Source data »
-- Opening Marker --

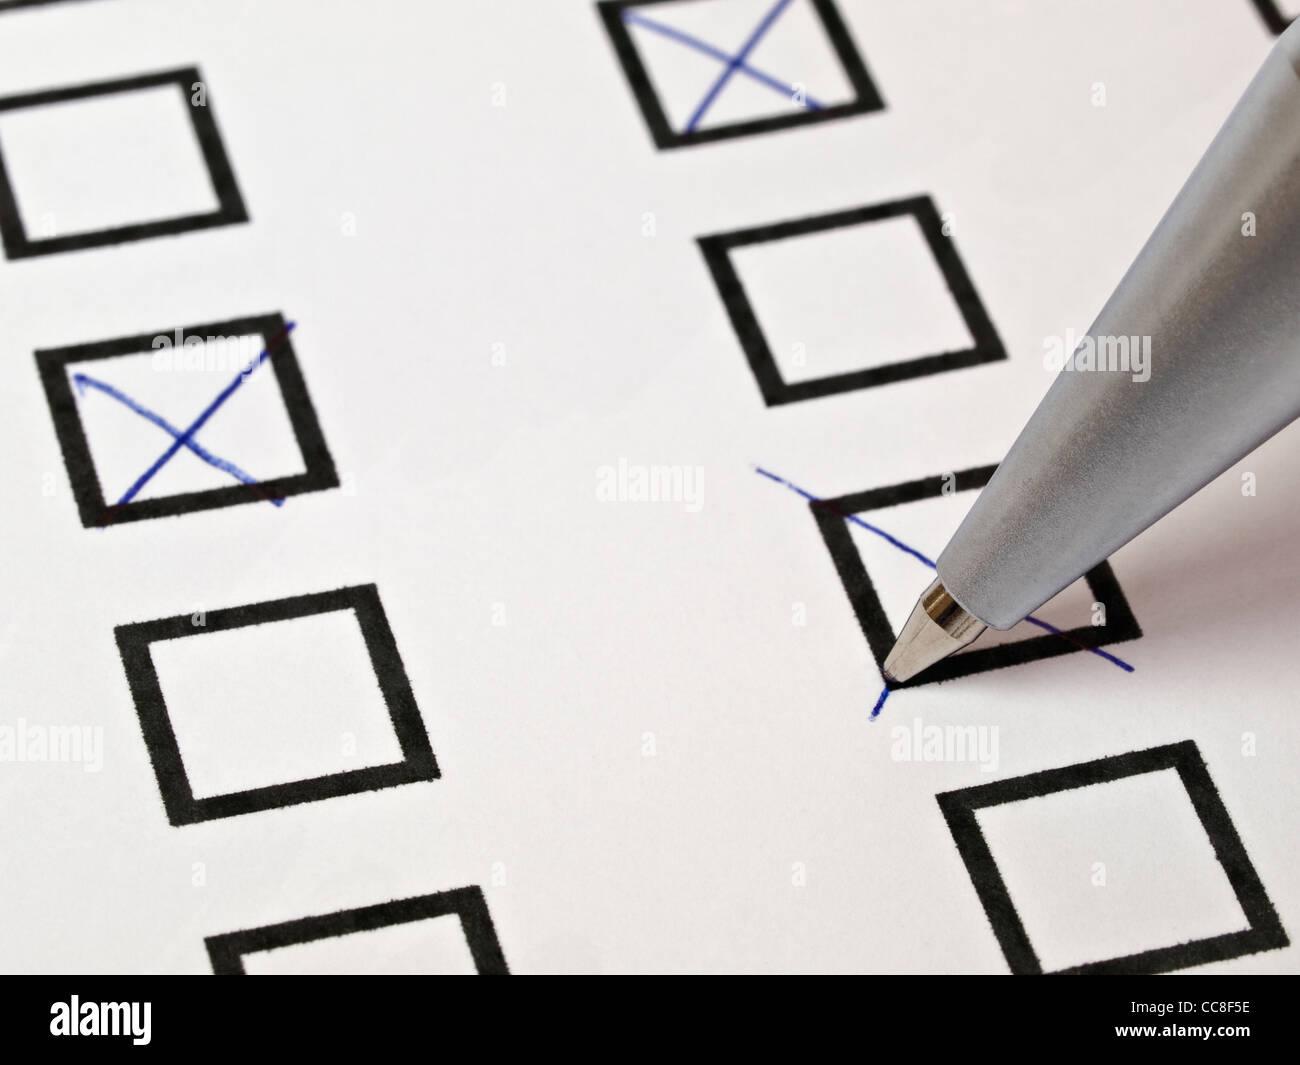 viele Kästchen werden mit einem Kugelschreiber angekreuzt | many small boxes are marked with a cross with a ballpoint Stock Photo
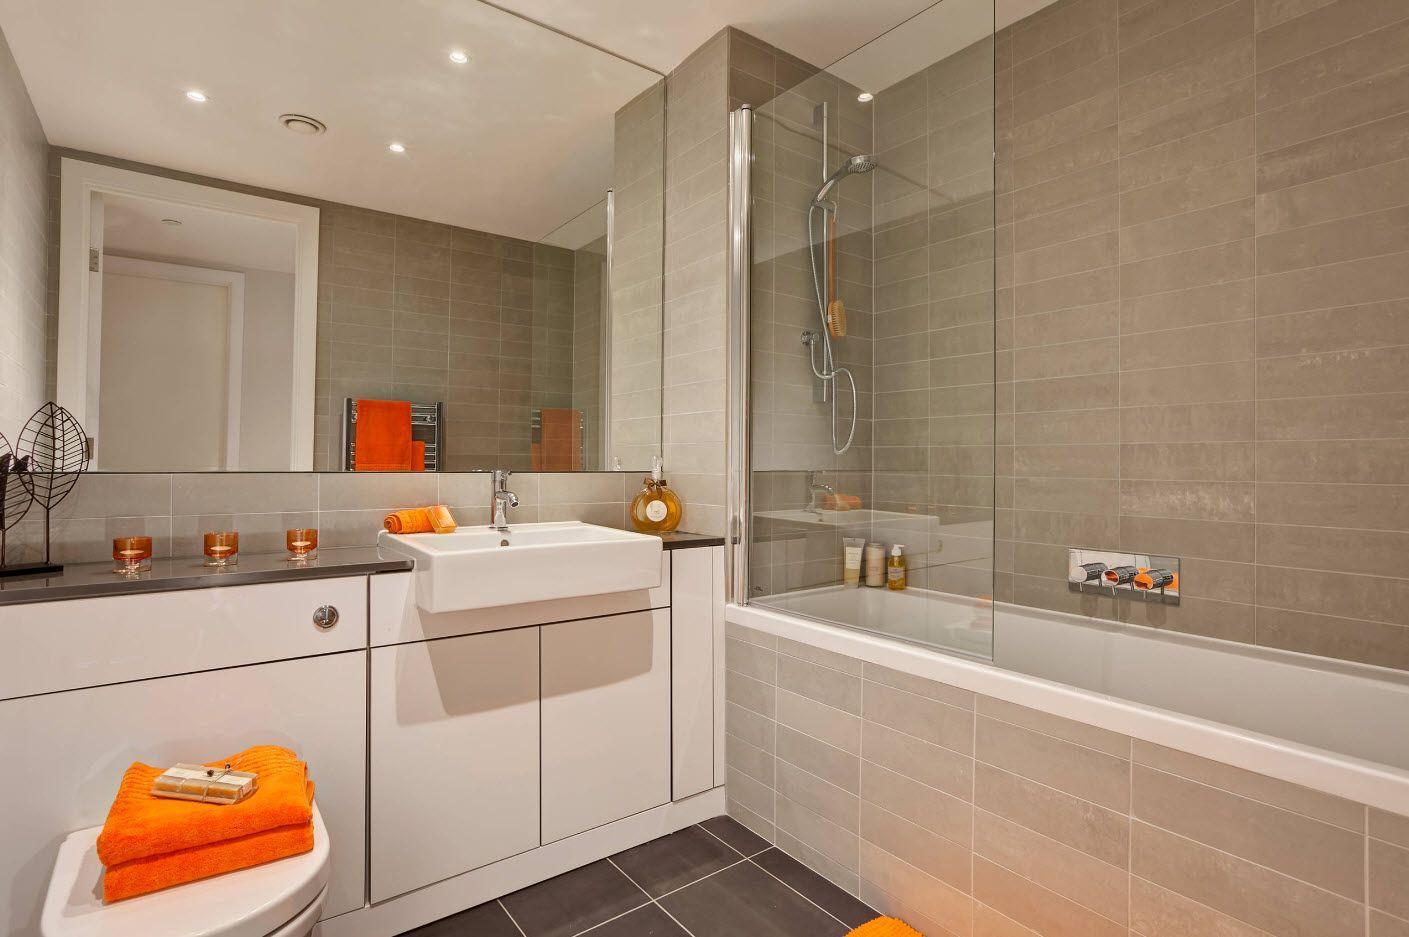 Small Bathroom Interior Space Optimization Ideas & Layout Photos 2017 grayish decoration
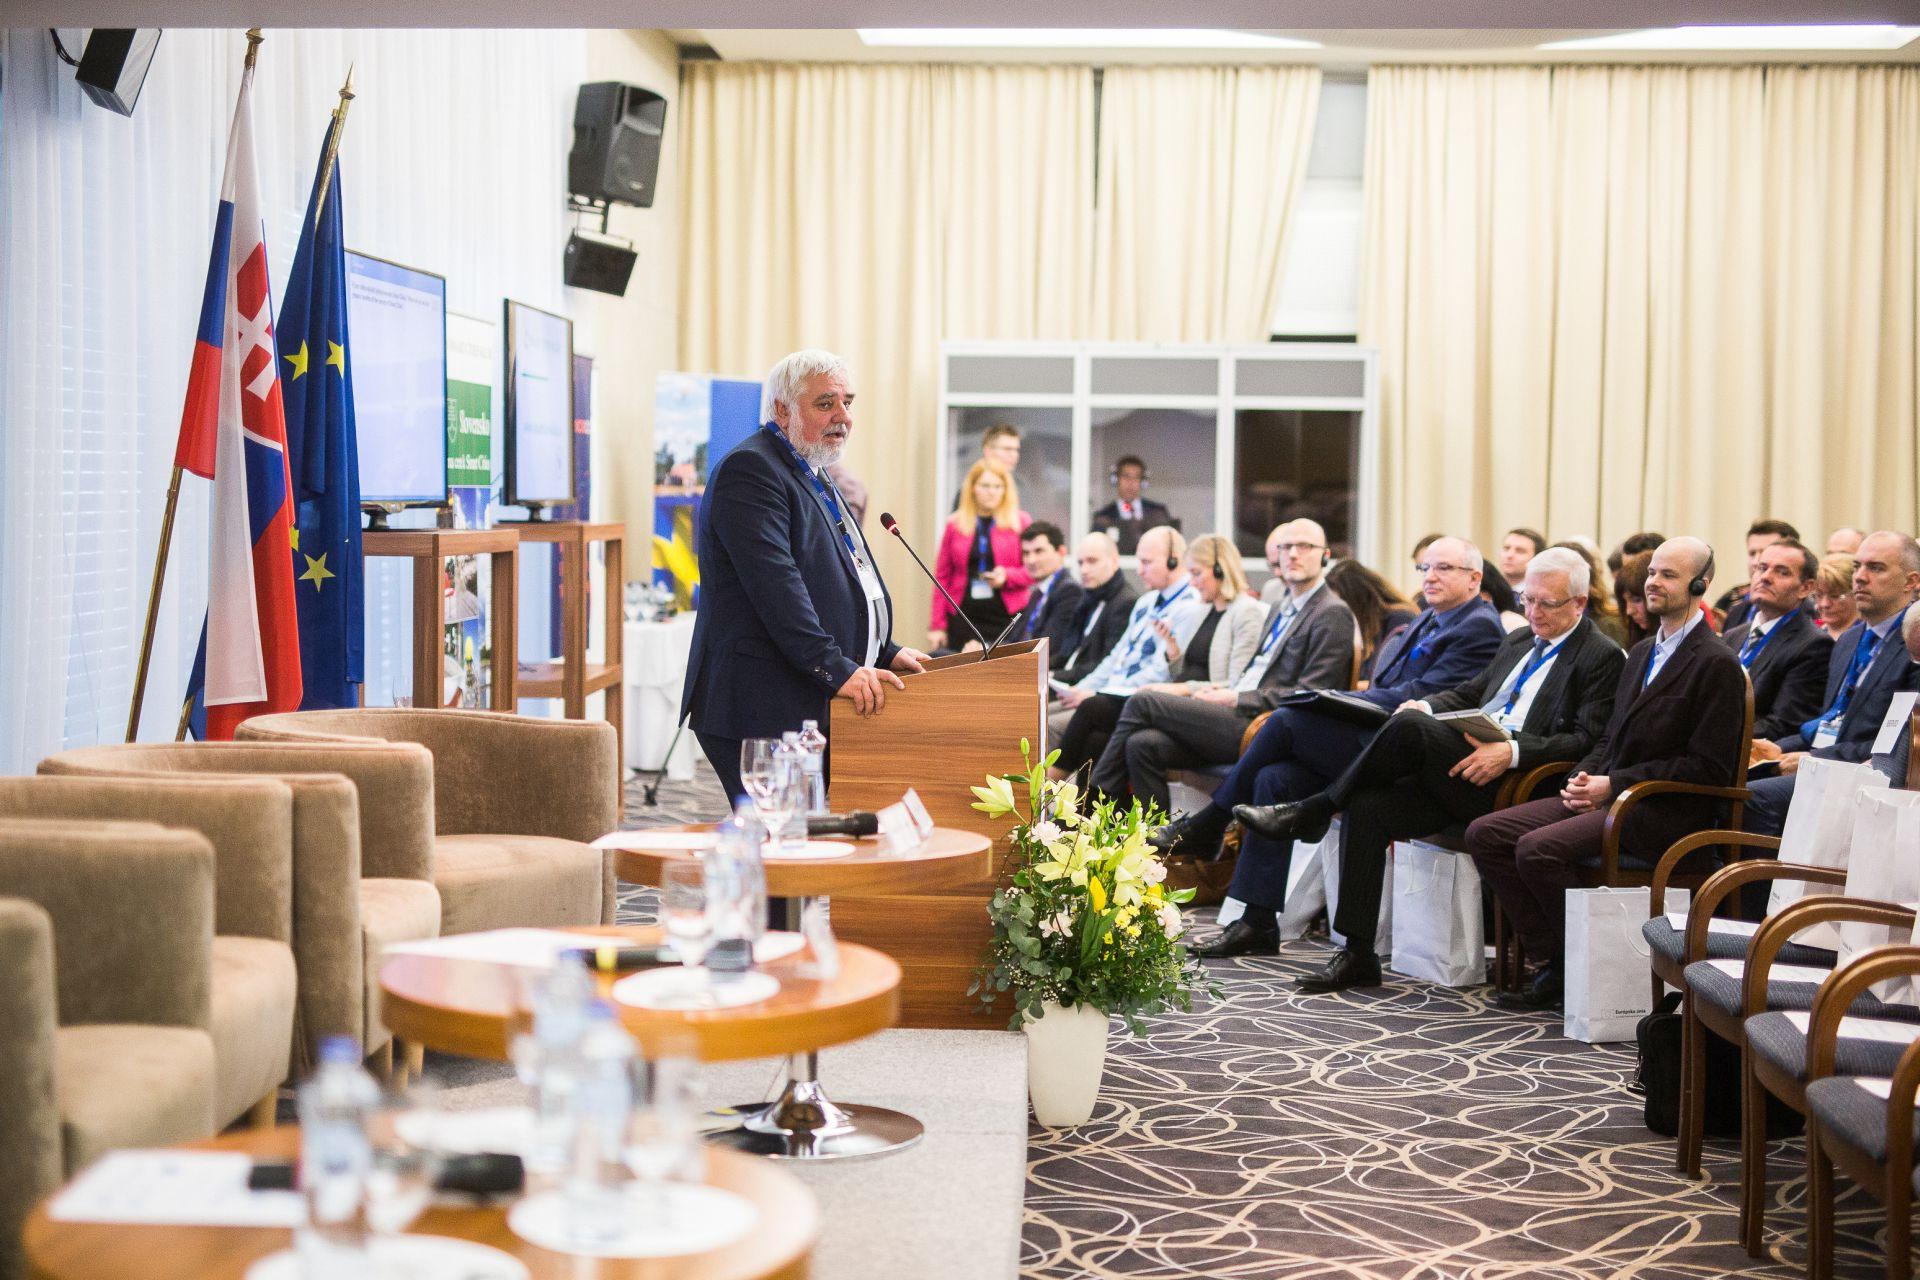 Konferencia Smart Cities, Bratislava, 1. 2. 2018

-- Closing Marker --

Aim of the task » Without the pictures, write out the entire listing exactly.

Solution for this task »
 viele Kästchen werden mit einem Kugelschreiber angekreuzt | many small boxes are marked with a cross with a ballpoint Stock Photo
 Small Bathroom Interior Space Optimization Ideas & Layout Photos 2017 grayish decoration
 Konferencia Smart Cities, Bratislava, 1. 2. 2018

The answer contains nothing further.